Divergent transitions with the regularized horseshoe

Hi all,

I’m working on the regularized horseshoe and it is throwing about 30 divergent transitions. The effective sample sizes and rhats for all parameters are fine. The regression has 10 predictors and n is 4000. I realize this is not the optimal situation to demonstrate the regularized horseshoe, but I am still getting a tiny bit of additional shrinkage in the estimates compared to the horseshoe.

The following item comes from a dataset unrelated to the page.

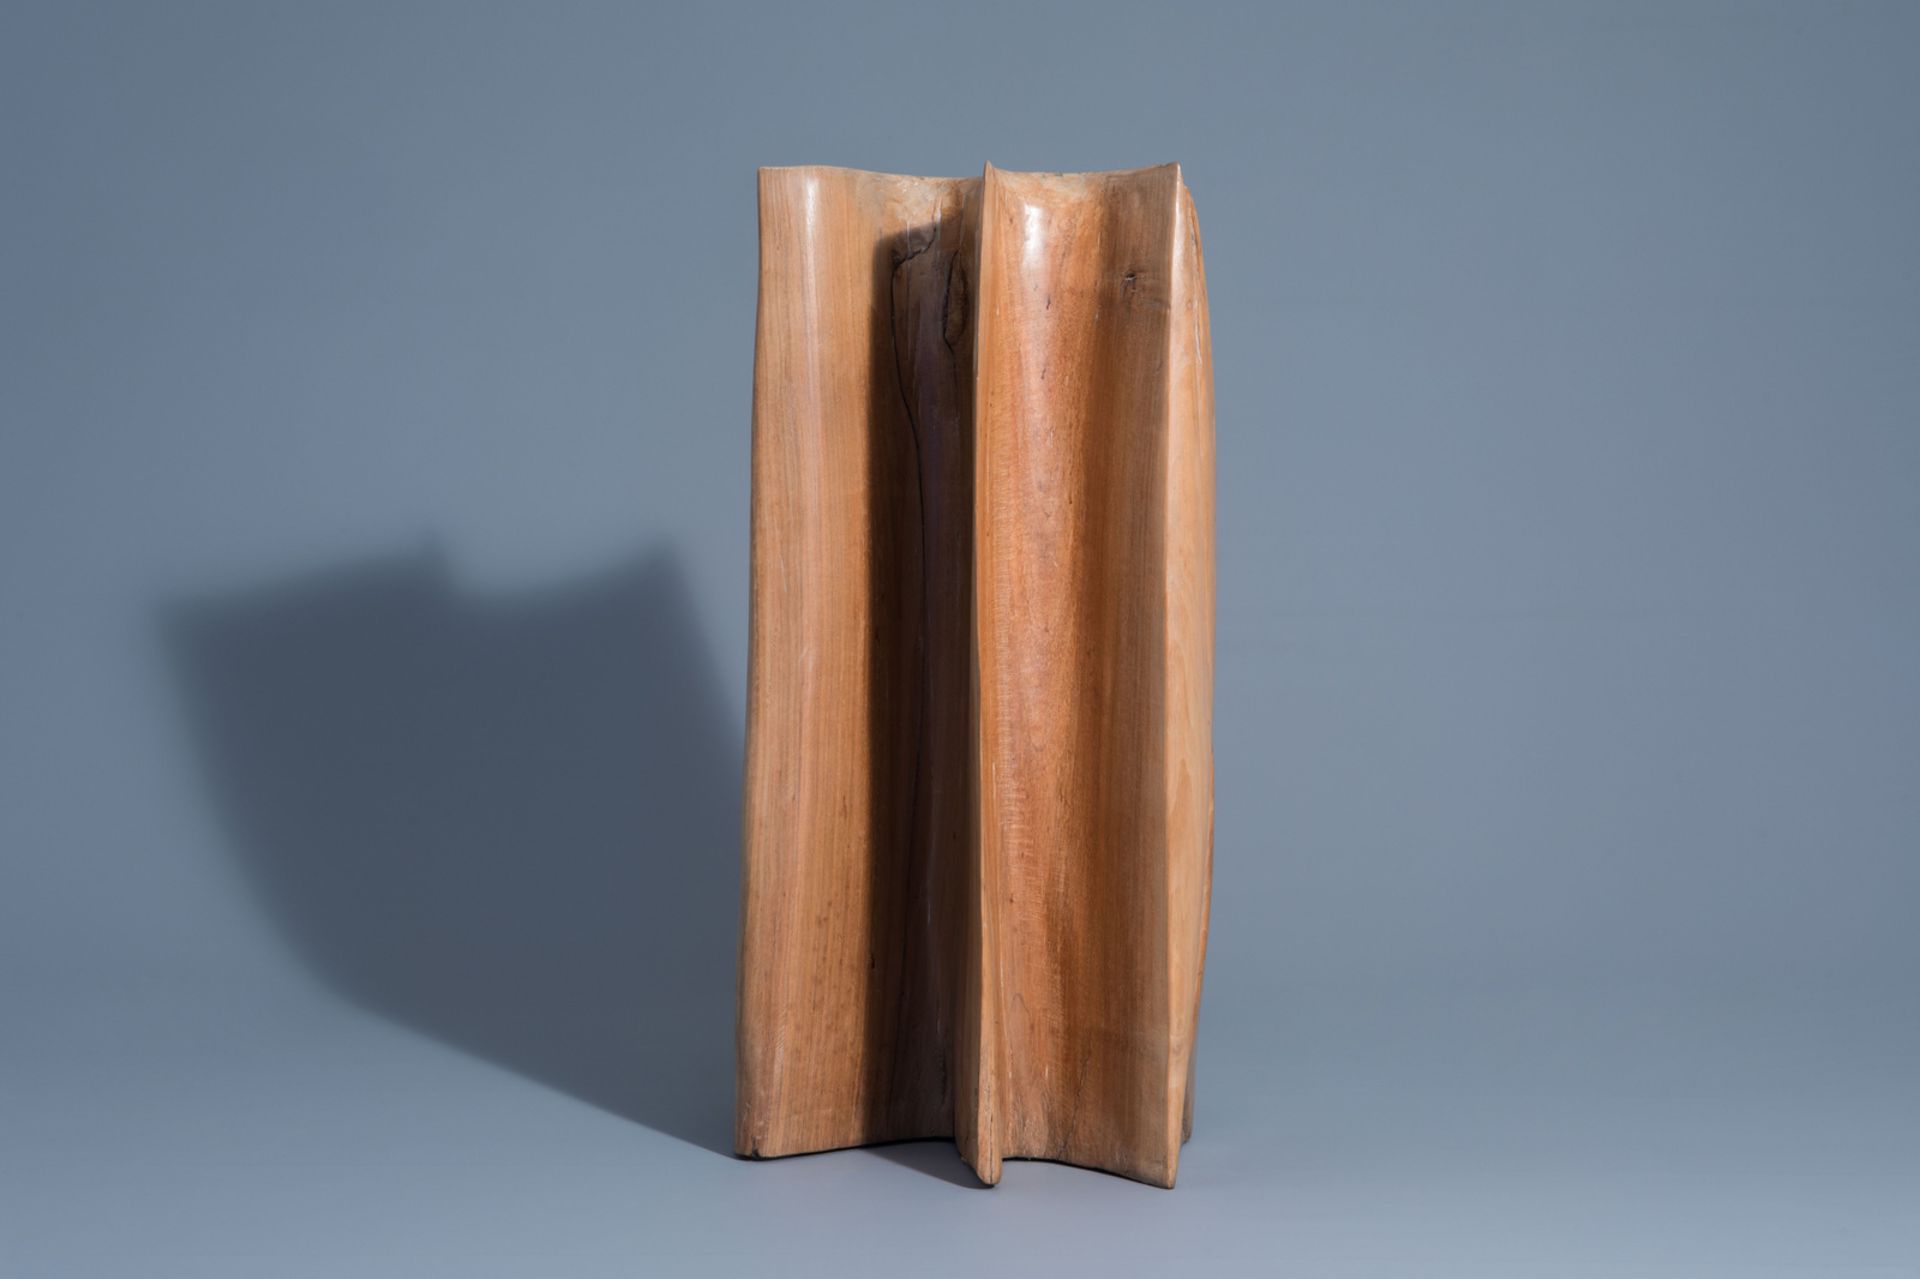 Monogrammed VDB (?): Untitled, wood sculpture - Image 3 of 8
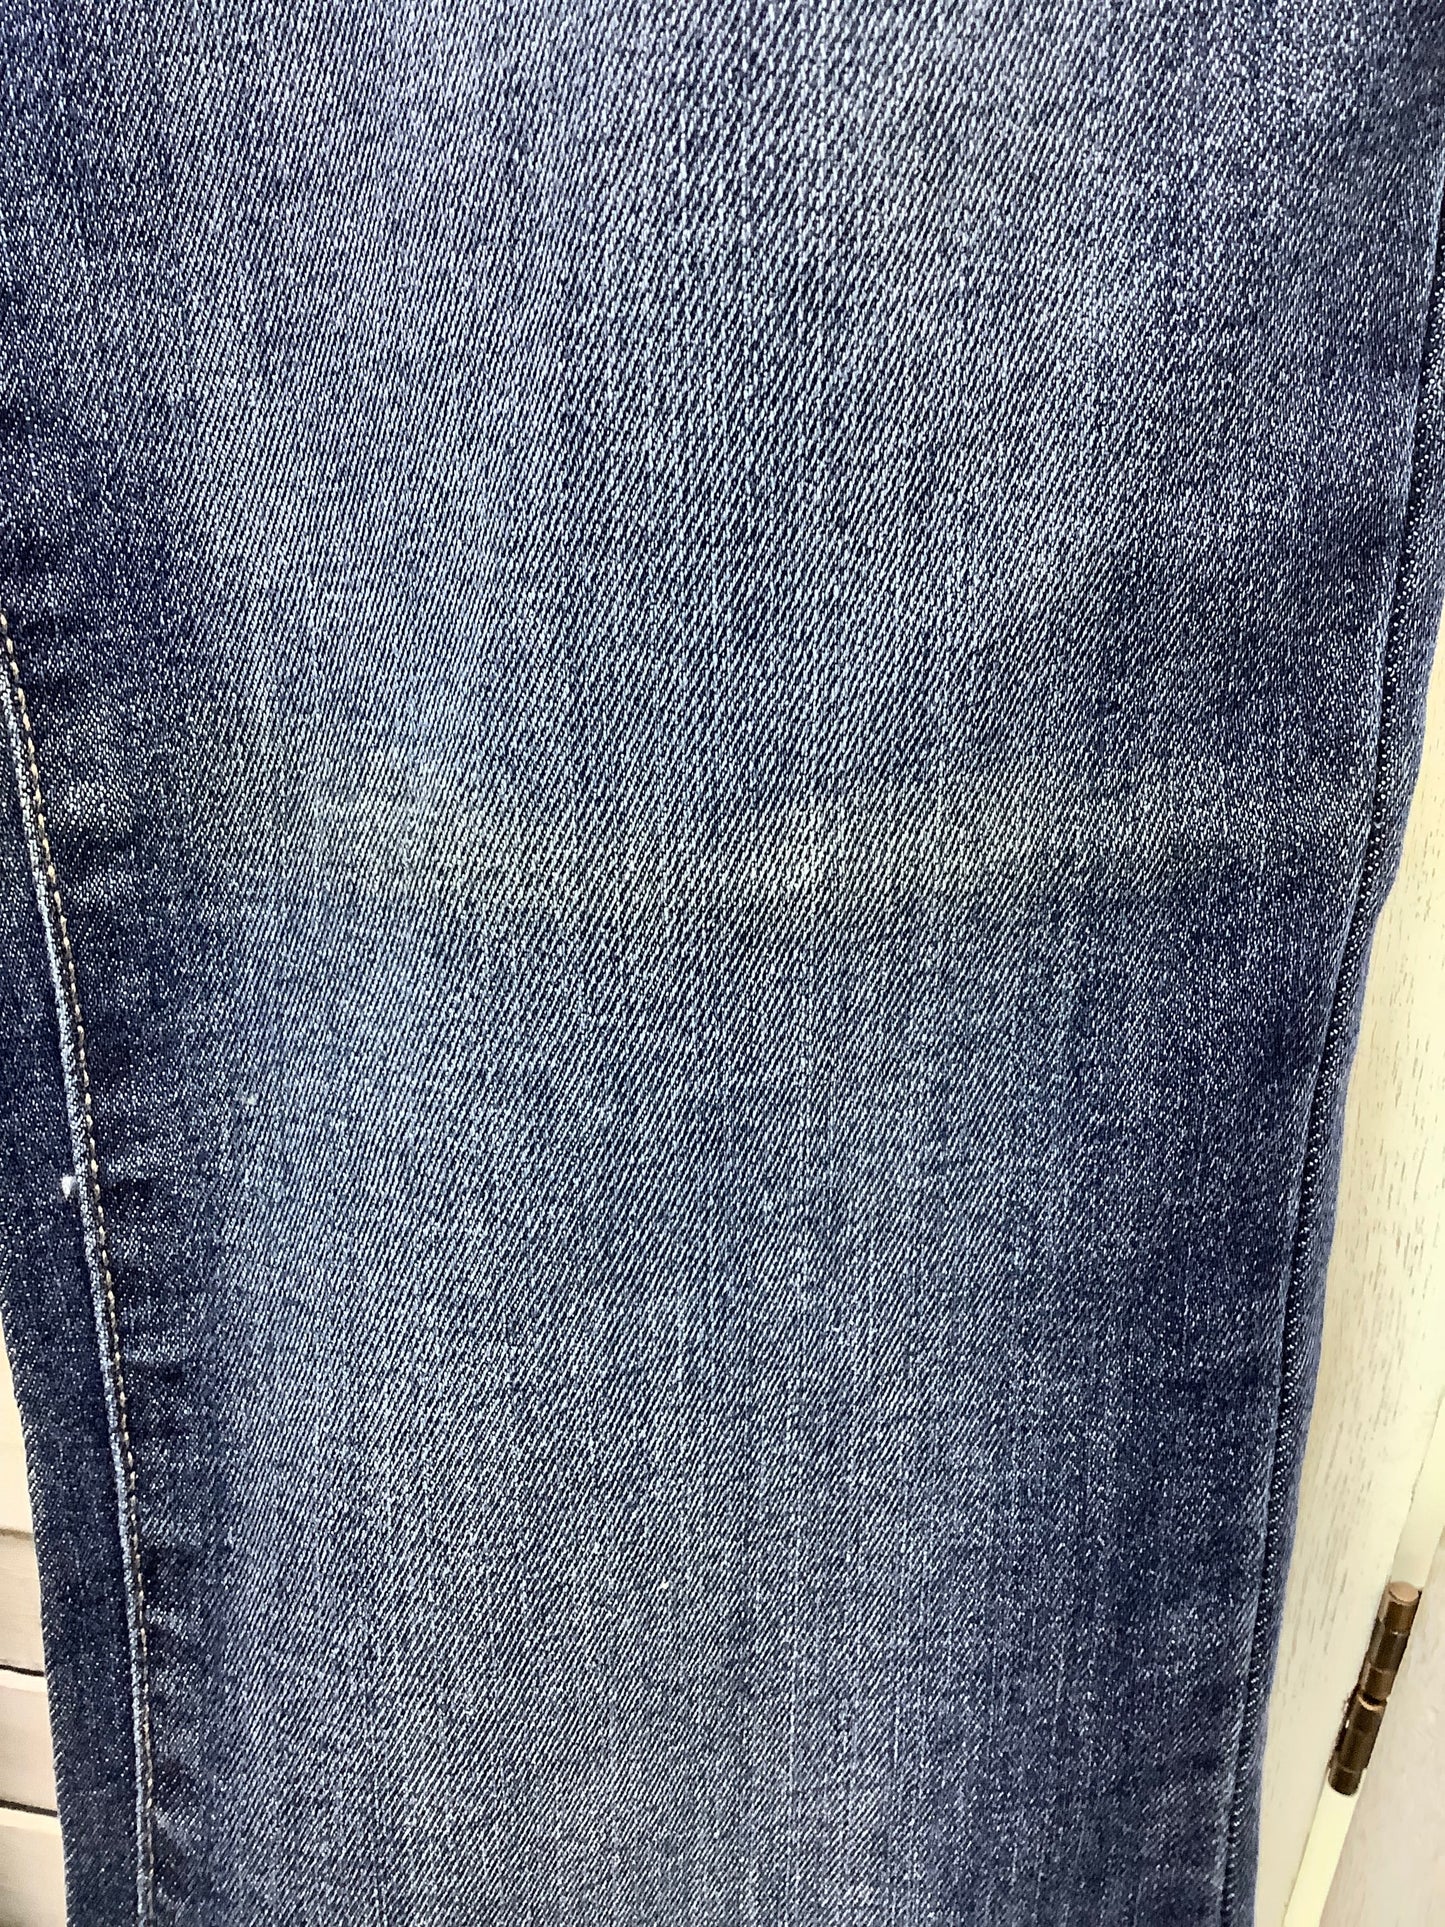 Blue Denim Jeans Boot Cut Banana Republic, Size 8

The code is as follows.

modelString = "
data {
  int <lower=1> n;          // number of observations
  int <lower=1> p;          // number of predictors
  real readscore[n];        // outcome
  matrix[n,p] X;            // inputs


transformed data {
  real p0 = 5;
 // real slab_df = 4;
 //  real half_slab_df = 0.5 * slab_df;  

parameters {
  vector[p] beta;
  vector<lower=0>[p] lambda;
  real<lower=0> c2;
  real<lower=0> tau;
  real alpha;
  real<lower=0> sigma;


transformed parameters {
  real tau0 = (p0 / (p - p0)) * (sigma / sqrt(1.0 * n));
  vector[p] lambda_tilde =
     sqrt(c2)  * lambda ./ sqrt(c2 + square(tau) * square(lambda));
model {
  beta ~ normal(0, tau * lambda_tilde);
  lambda ~ cauchy(0, 1);
  c2 ~ inv_gamma(2, 8); 
  tau ~ cauchy(0, tau0);
  alpha ~ normal(0, 2);
  sigma ~ cauchy(0, 1);
  readscore ~ normal(X * beta + alpha, sigma);


// For posterior predictive checking and loo cross-validation
generated quantities {
  vector[n] readscore_rep;
  vector[n] log_lik;
  for (i in 1:n) {
  readscore_rep[i] = normal_rng(alpha + X[i,:] * beta, sigma);
  log_lik[i] = normal_lpdf(readscore[i] | alpha + X[i,:] * beta, sigma);


The code is a slight modification of that given in Betancourt (2018) where instead of specifying the slab scale and slab df, I’m giving c^2 an inverse-gamma (2,8) prior as per a suggestion in Piironen and Vehtari (2017). I have tried the Betancourt code directly and again, the rhats and n_eff values look fine, but it is throwing around the same number of divergent transition warnings. Any thoughts?

Thanks in advance,


1 Like

It’s pretty hard to not get a terrible posterior geometry with the horseshoe model. For extensive discussion into why, including experiments and possible alternatives, see Sparsity Blues.